Studio album by Tammy Wynette
- Released: September 25, 1972
- Recorded: May 1971 – May 1972
- Studios: Columbia Studio B (Nashville, Tennessee)
- Genres: Country; Countrypolitan;
- Label: Epic
- Producer: Billy Sherrill

Tammy Wynette chronology
| Me and the First Lady (1972) | My Man (1972) | We Love to Sing About Jesus (1972) |

Singles from My Man
- "My Man (Understands)" Released: August 1972; "'Til I Get It Right" Released: December 1972;

= My Man (album) =

My Man is a studio album by American country artist, Tammy Wynette. It was released on September 25, 1972, via Epic Records and was the fifteenth studio album of her career. The disc was a collection of 11 tracks whose themes centered around spousal loyalty and heartache. Two singles were spawned from the album: "My Man (Understands)" and "'Til I Get It Right". Both topped the country charts in 1972 and 1973, respectively. The album itself reached the top position on the American country albums chart.

==Background, recording and content==
Tammy Wynette was among the most successful country artist of the sixties and seventies decades. She had a series of chart-topping and top ten country singles that earned her the title of "The First Lady of Country Music". Between 1971 and 1973, she had five number one singles on the country charts including "My Man (Understands)". The song served as the lead single and name for Wynette's next studio release. The sessions for My Man were recorded between May 1971 and May 1972 at Columbia Studio B (the "Quonset hut studio"), located in Nashville, Tennessee. The sessions were produced by Billy Sherrill.

The project contained a total of 11 tracks. Most of the album's material followed themes centered around housewives staying loyal to their husbands, such as the title track, "Hold On (To the Love I Got)" and "Good Lovin' (Makes It Right)". Other selections such as "You Can't Hang On" and "'Til I Get It Right" had lyrics that described heartbreak. Four tracks on the project had writing credits from Carmol Taylor, while two had credits from Norro Wilson. Wynette herself contributed to two of the album's tracks. A cover version of "The Happiest Girl in the Whole U.S.A." by Donna Fargo also appeared. Fargo's version was a number one country single in 1972. The track, "Hold On (To the Love I Got)" was released in 1972 as a single by Barbara Mandrell whose version was a top 40 country single.

==Release, chart performance, reception and singles==

My Man was originally released on September 25, 1972, on Epic Records. It was originally distributed as both a vinyl LP and a cassette. Decades later, it became available digitally. My Man later peaked at number two on the American Billboard Top Country Albums chart in January 1973. It peaked outside the Billboard 200, at number 201 during this period as well.

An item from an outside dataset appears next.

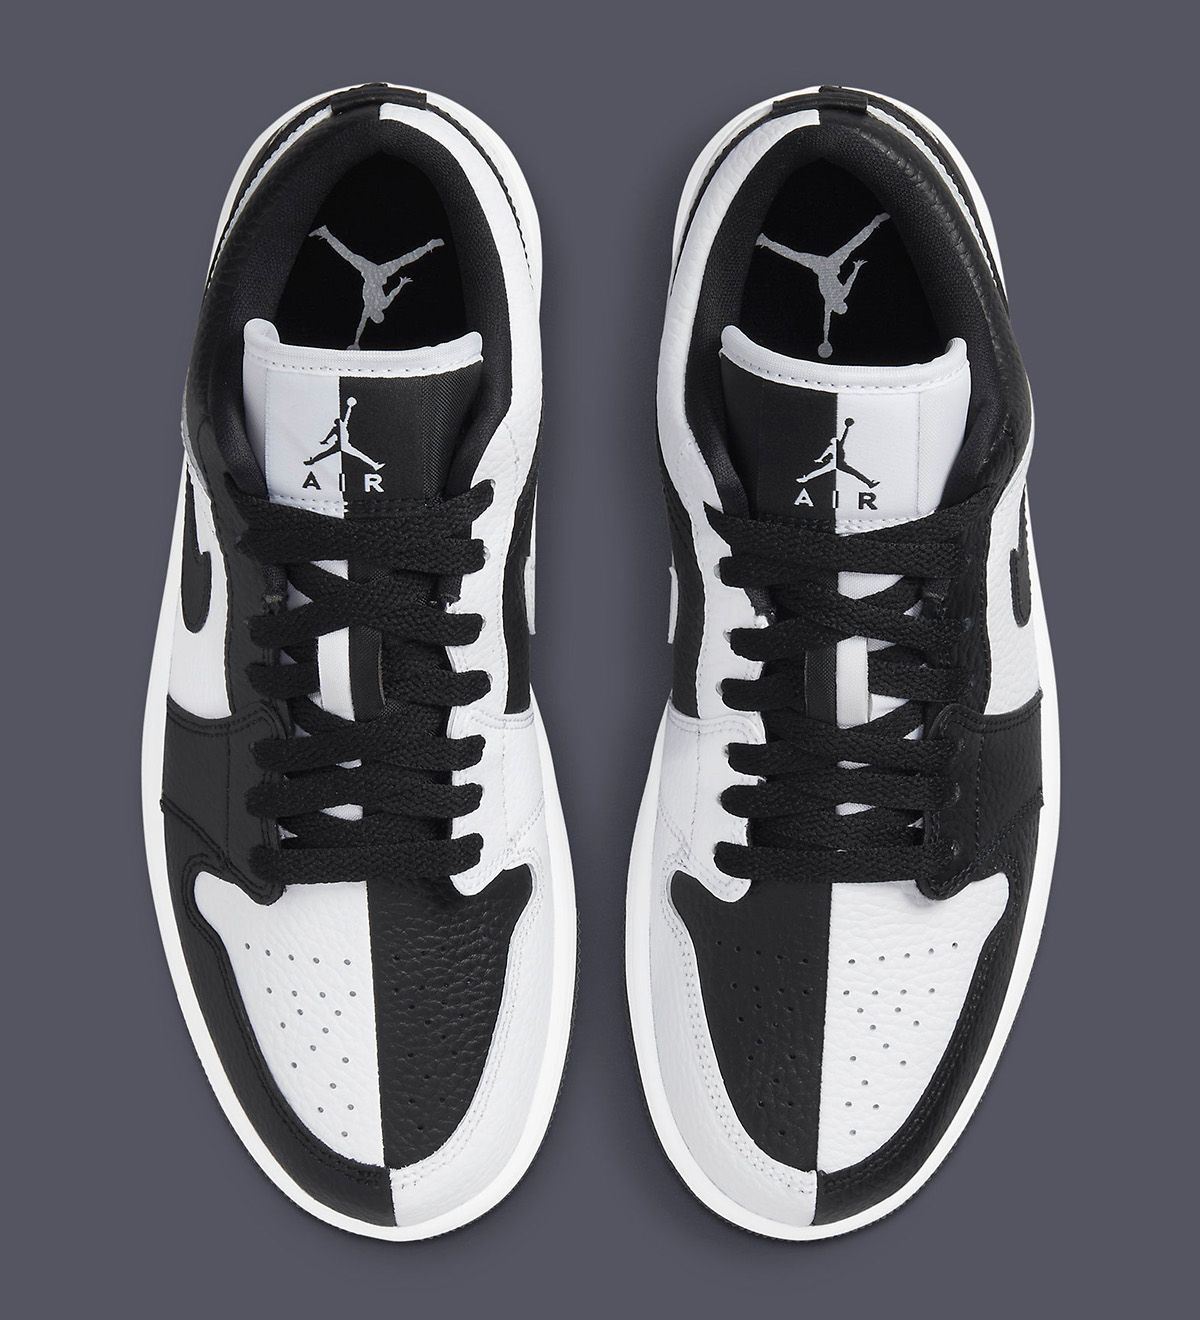 Where to Buy Air 1 Low “Split” (Black/White) | House of Heat°

My Man was given only two out of five stars from AllMusic. A compilation release (that also contained tracks from her 1972 LP Bedtime Story) was also reviewed by AllMusic. However, the recordings were given praise: "Wynette is in fine form as well, delivering heartbreak and determination in equal measure."

Two singles were spawned from the album. The first was the title track, which was originally released by Epic Records in August 1972. By November 1972, the song reached the number one spot on the Billboard Hot Country Songs chart. The album's second single was "'Til I Get It Right" and was released in December 1972. By March 1973, the single also reached the number one position on the Billboard country chart. On Canada's RPM Country Tracks chart, both singles also reached number one.

Professional ratings
Review scores
| Source | Rating |
| Allmusic | Star |

==Track listing==

Side one
| No. | Title | Writer(s) | Length |
|---|---|---|---|
| 1. | "My Man" | Billy Sherrill; Carmol Taylor; | 2:50 |
| 2. | "Things I Love to Do" | Earl Montgomery; Tammy Wynette; | 2:54 |
| 3. | "Hold On (To the Love I Got)" | Taylor; Norro Wilson; Wynette; | 2:08 |
| 4. | "Loving You Could Never Be Better" | Montgomery | 3:01 |
| 5. | "'Til I Get It Right" | Larry Henley; Red Lane; | 2:36 |

Side two
| No. | Title | Writer(s) | Length |
|---|---|---|---|
| 1. | "Walk Softly on the Bridges" | Dallas Frazier; Laura Lee Owens; | 2:58 |
| 2. | "The Bridge of Love" | Jae J. Kay | 2:45 |
| 3. | "You Can't Hang On" | Taylor; Wilson; | 2:05 |
| 4. | "The Happiest Girl in the Whole U.S.A." | Donna Fargo | 2:15 |
| 5. | "Gone with Another Man" | Taylor | 2:14 |
| 6. | "Good Lovin' (Makes It Right)" | Sherrill | 2:29 |

==Personnel==
All credits are adapted from the liner notes of My Man.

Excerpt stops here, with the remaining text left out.